Mass balance example


This bank account example can be easily translated to the world of science by considering the mass balance of tropical forests on Earth. In this equation there is a tremendous output (loss) of forest caused by human cutting and burning, humans are not adding new forest (zero input), and the internal change or natural growth of new forest is very low. Although the pool size of tropical forests was very large initially, the large output term, no inputs, and very small positive internal changes mean that the net change is strongly negative and the pool size is dropping rapidly.

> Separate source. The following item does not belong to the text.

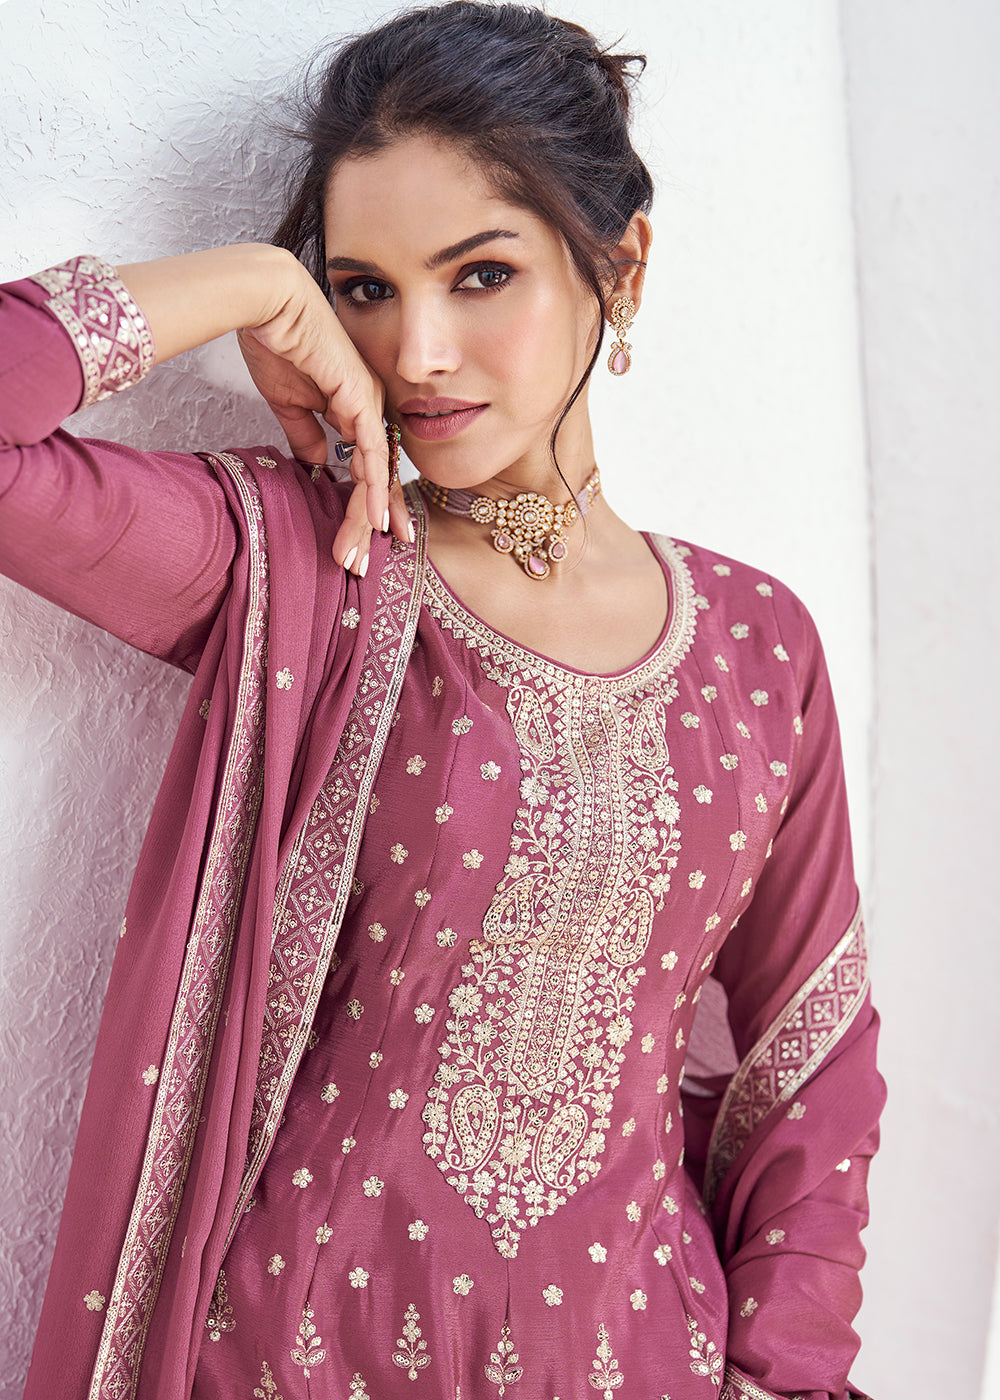 Buy Now Incredible Pink Embroidered Chinnon Festive Palazzo Suit Online in USA, UK, Canada, Germany, Australia & Worldwide at Empress Clothing.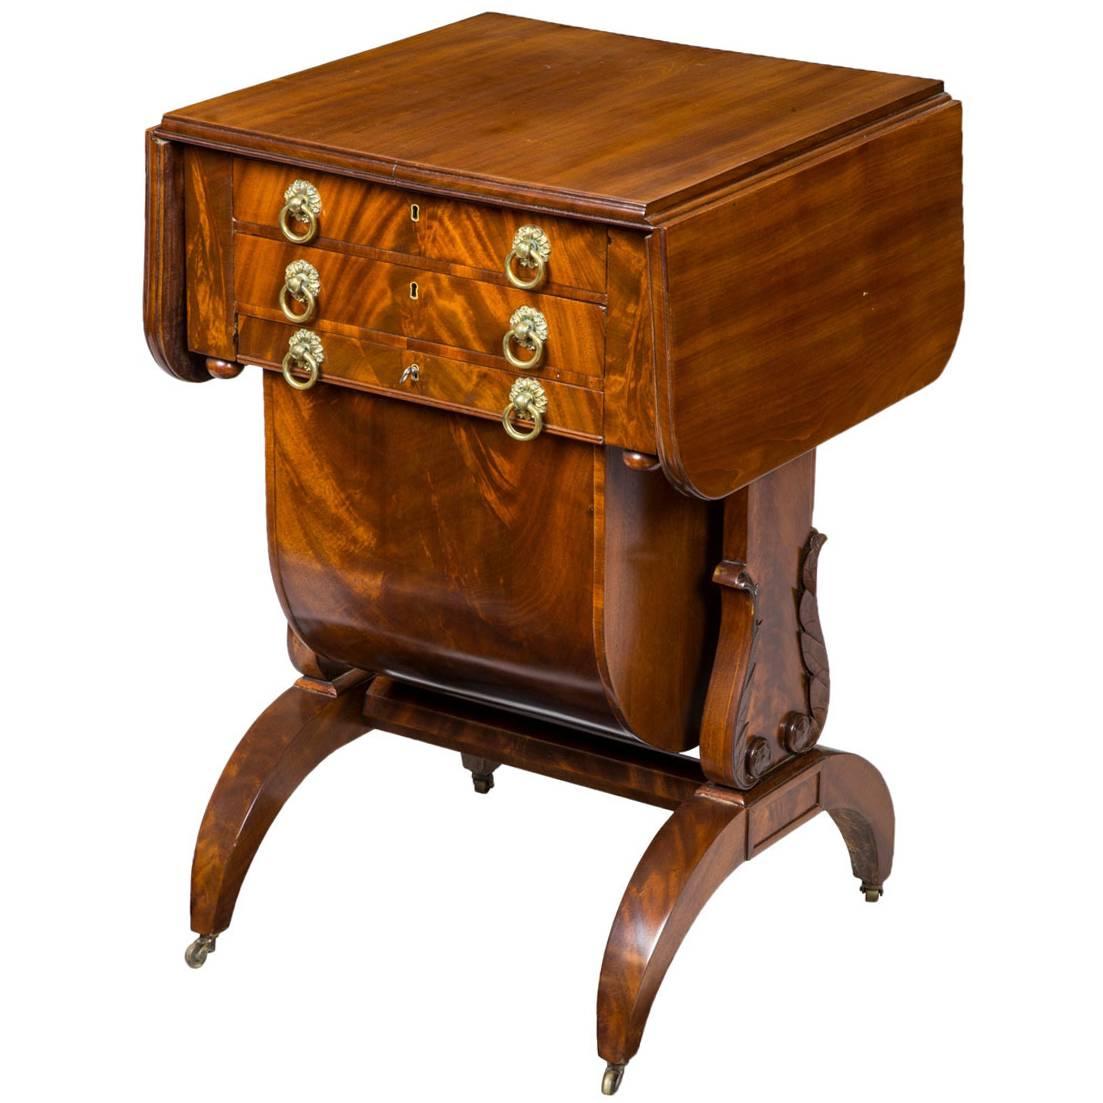 Classical Mahogany Work Table with Carved Lyre Supports, Boston, circa 1820

This is exactly how scientists calculate the rate of loss of rainforests, as was presented in Units 3 and 4. To understand element cycles, biogeochemists also calculate residence times of materials in the pool, which is the average amount of time that the element or material spends in the pool before being removed.  If there are 100 trees in a forest, and 5 new trees are added and 5 are removed each year, then the residence time is equal to the pool size divided by the flux rate (in or out, it doesn’t matter), or (100 trees) / (5 trees per year) = 20 years; in this case the 20 years is also the average life span of the tree). If the residence time is very short that often means that the component is converted to something else quickly or that it is very reactive (see also Figure 10.7 the Hydrologic Cycle section below). Thus, mass balance equations are useful because they allow one to make predictions about the impact of changes on resource flow and changes in the amounts of materials or elements we have on Earth.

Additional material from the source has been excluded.